Use of Generative AI (ChatGPT-4) in the CNN Accelerator Project

Generative AI, specifically ChatGPT-4, played a pivotal role in the design, verification, development, and debugging of the CNN Accelerator Project. Leveraging the capabilities of ChatGPT-4 provided several advantages, including accelerating the development process, ensuring accuracy, and enhancing the overall efficiency of the project.

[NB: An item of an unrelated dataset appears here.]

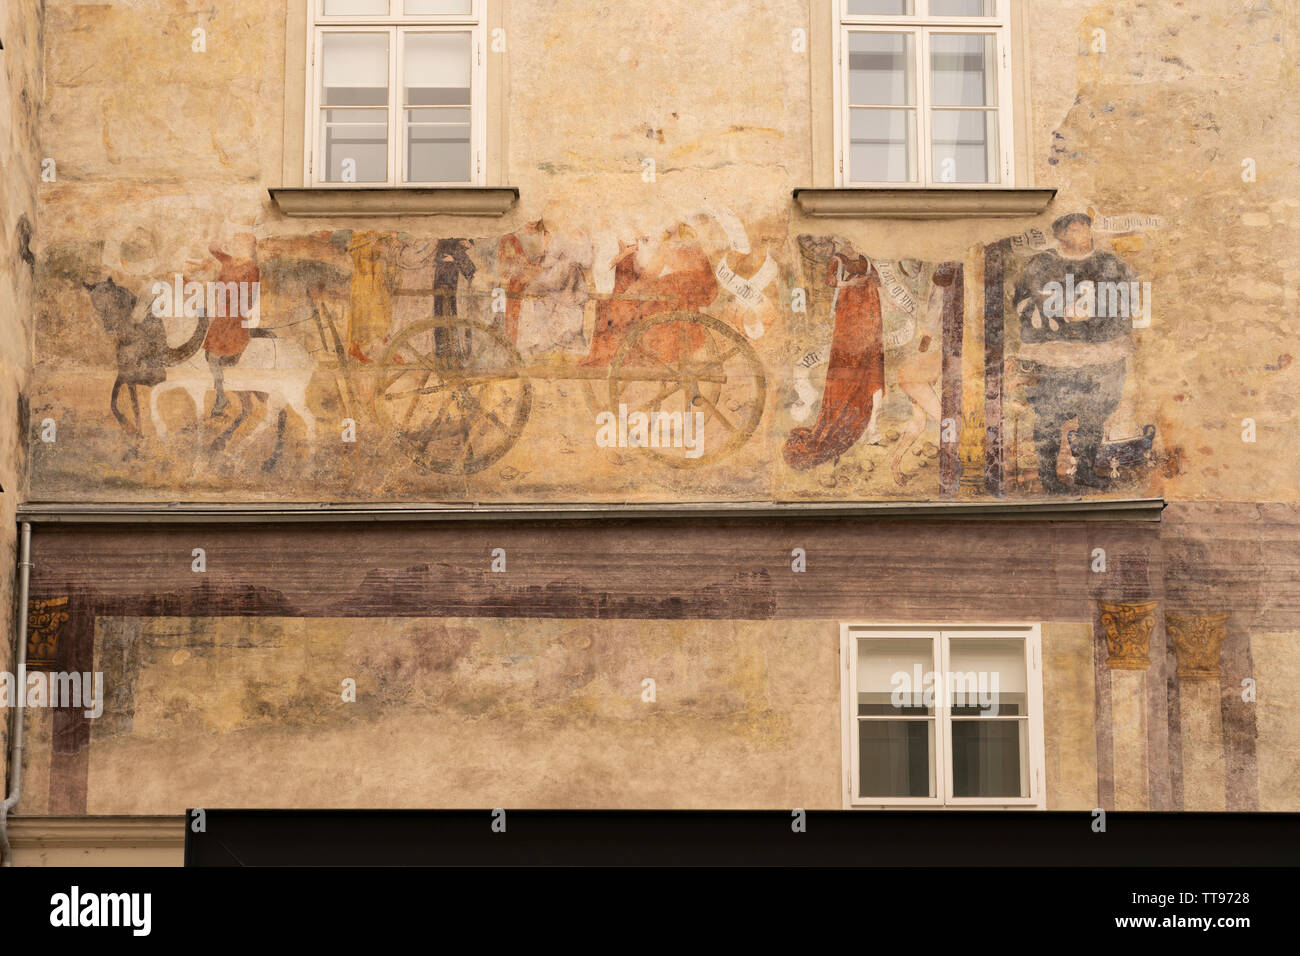 Murals on the outside of a house in Krems an der Donau town centre dating back to the middle ages, showing a horse drawn cart and seated figures Stock Photo
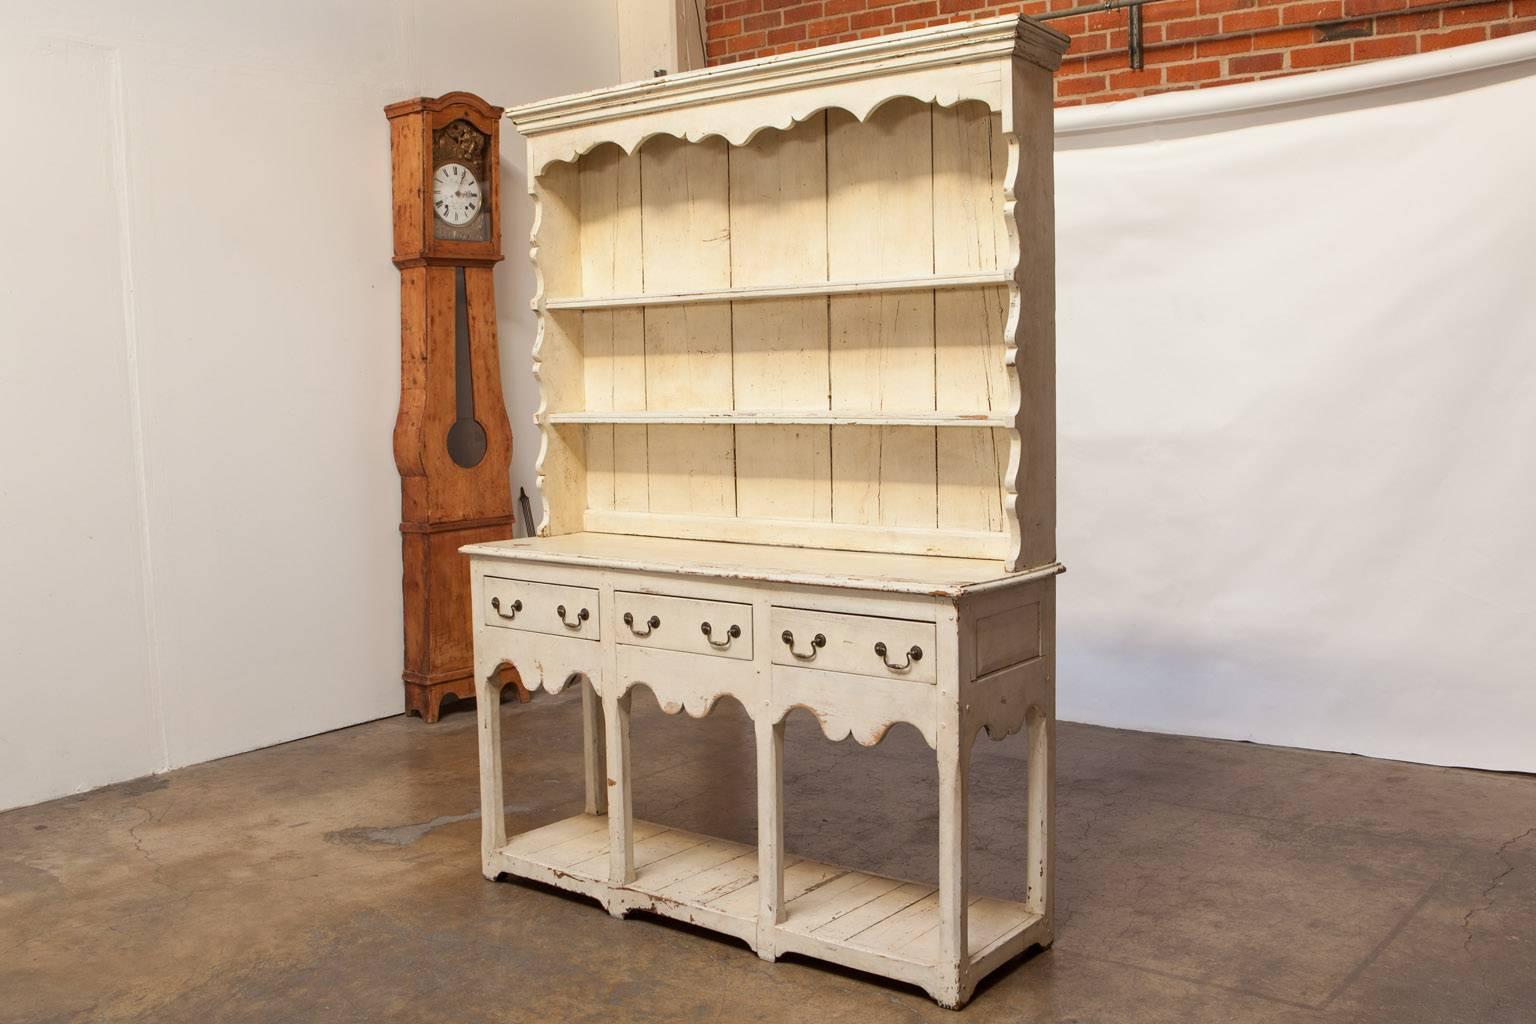 Rare Welsh dresser with a pot board base and an upper section having a molded cornice above a two shelf rack. The lower section is fronted by three drawers and a shaped apron. Supported by chamfered straight legs. The cupboard is constructed with

How Generative AI Was Used

  1. Design and Development

    • Module Creation: ChatGPT-4 assisted in creating Verilog modules for different components of the CNN accelerator, such as weight buffers, line buffers, MAC units, and more.
    • Architecture Design: The AI provided insights and suggestions for optimizing the hardware architecture, ensuring efficient data flow and processing.
    • Code Generation: Generated Verilog code snippets for various modules, reducing the manual coding effort and minimizing errors.
  2. Verification

    • Testbench Generation: ChatGPT-4 helped in generating testbenches for verifying the functionality of individual modules and the entire system.
    • Simulation Guidance: Provided guidance on running simulations and interpreting results, ensuring that the design met the expected performance and functionality.
  3. Debugging and Fixing Code

    • Error Diagnosis: Assisted in identifying and diagnosing syntax and logical errors in the Verilog code.
    • Code Correction: Suggested fixes and improvements to resolve errors and enhance code robustness.

Steps to Use Generative AI Effectively

To maximize the benefits of Generative AI in hardware design and development, consider the following steps:

  1. Clear and Specific Prompts

    • Provide detailed and specific prompts when asking for code generation or debugging help. Clear instructions help the AI understand the requirements better and deliver more accurate results.
  2. Iterative Development

    • Use an iterative approach to development. Start with simple designs and gradually add complexity, using Generative AI to verify each step and suggest improvements.
  3. Code Review and Validation

    • Always review and validate the code generated by AI. While AI can significantly speed up development, human oversight ensures that the design meets all requirements and standards.
  4. Combining AI with Traditional Methods

    • Use Generative AI alongside traditional design and verification methods. AI can handle repetitive and straightforward tasks, freeing up human developers to focus on complex and critical aspects of the project.
  5. Continuous Learning and Adaptation

    • Stay updated with the latest advancements in Generative AI and adapt your workflows to incorporate new features and capabilities. This ensures that you are leveraging the full potential of AI in your projects.

Example Workflow

  1. Initial Design: Describe the required module and functionality to the AI and request a basic Verilog implementation.
  2. Verification Setup: Ask the AI to generate a testbench for the module and guide you through running simulations.
  3. Iterative Refinement: Based on simulation results, request modifications and enhancements to the design from the AI.
  4. Debugging: When errors are encountered, provide the error messages to the AI and request assistance in diagnosing and fixing the issues.
  5. Final Integration: Once all modules are verified, ask the AI to help integrate them into the top-level design and generate the final project wrapper.

By following these steps, you can effectively harness the power of Generative AI to streamline the design, verification, development, and debugging processes in hardware projects like the CNN Accelerator.